Thanks to everyone who participated in the code size birds-of-a-feather today! Here are the minutes: https://docs.google.com/document/d/1kDsbFDtkWLceR-Y63ez04CBfvhbDN8RxWV3xXwaNUC0/edit?usp=sharing

The minutes are also copied below for convenience.

LLVM 2020
Code Size BoF Minutes

See also: Aditya Kumar’s talk on “Code Size Compiler Optimizations and Techniques”

Minutes- What use cases for code size are important to the LLVM community?

  • Deeply embedded devices: IoT, RISC-V

  • Memory is a large part of the cost of the chip

  • Gaming consoles

  • WebAssembly, for faster page loads

  • Mobile apps

  • Cache-limited programs on desktops, supercomputers

  • Real-time systems (both size & speed are important)

  • Find the code that isn’t on the critical path and optimize it for size

  • Or find thresholds for heuristics that are good enough for both

  • Hyperscale systems with lots of processors but only a little memory for each one

  • EMU architecture

  • Epiphany/Adapteva architecture

  • Why doesn’t -Oz do much better than -O2?

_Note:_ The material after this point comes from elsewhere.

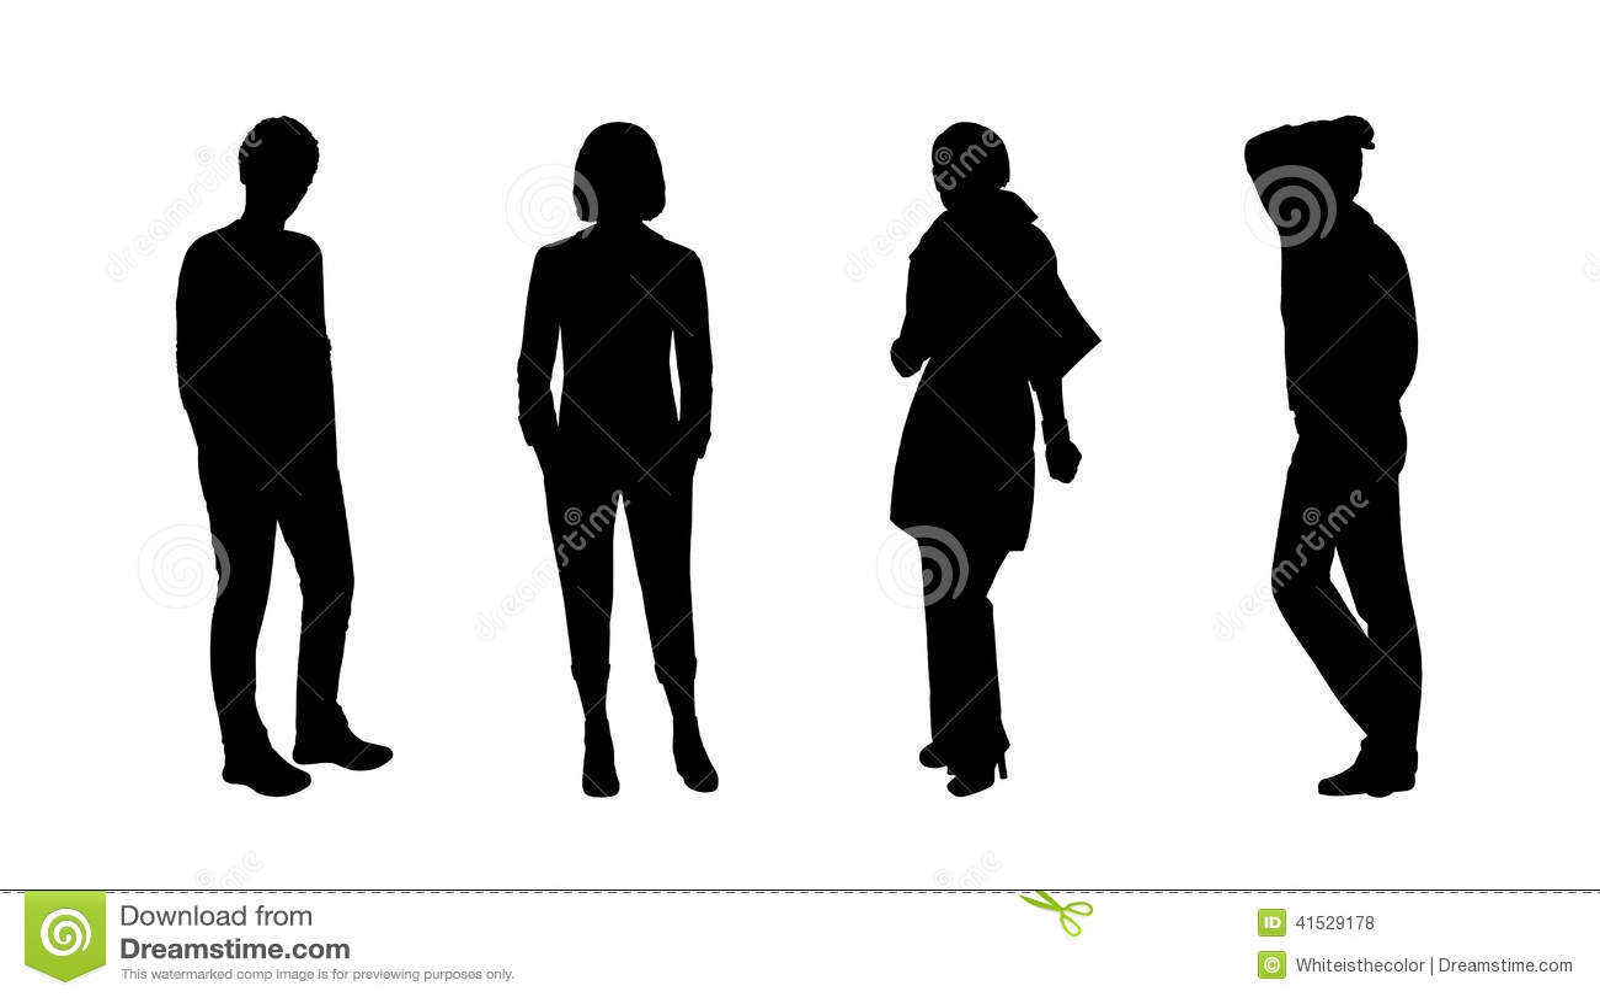 nude black woman standing profile

  • There are optimizations that make dramatic speed improvements, but not as many that make dramatic size improvements

  • It doesn’t disable things like loop unrolling

  • It doesn’t disable inlining

  • It doesn’t enable loop rerolling

  • -Oz affects heuristics for e.g. inlining, but they can still make the wrong decision

  • TargetTransformInfo has options for code size, but they often aren’t implemented

  • If -Oz uses a poorly tuned pass sequence, we can autotune it with OpenTuner etc.

  • Can get ~5% extra size reduction this way.

  • LTO is effective for code size; was recently fixed to support -Oz

  • Do we need different levels like -Os1, -Os2, -Os3?

  • We have profilers for code speed; can we have something similar for code size?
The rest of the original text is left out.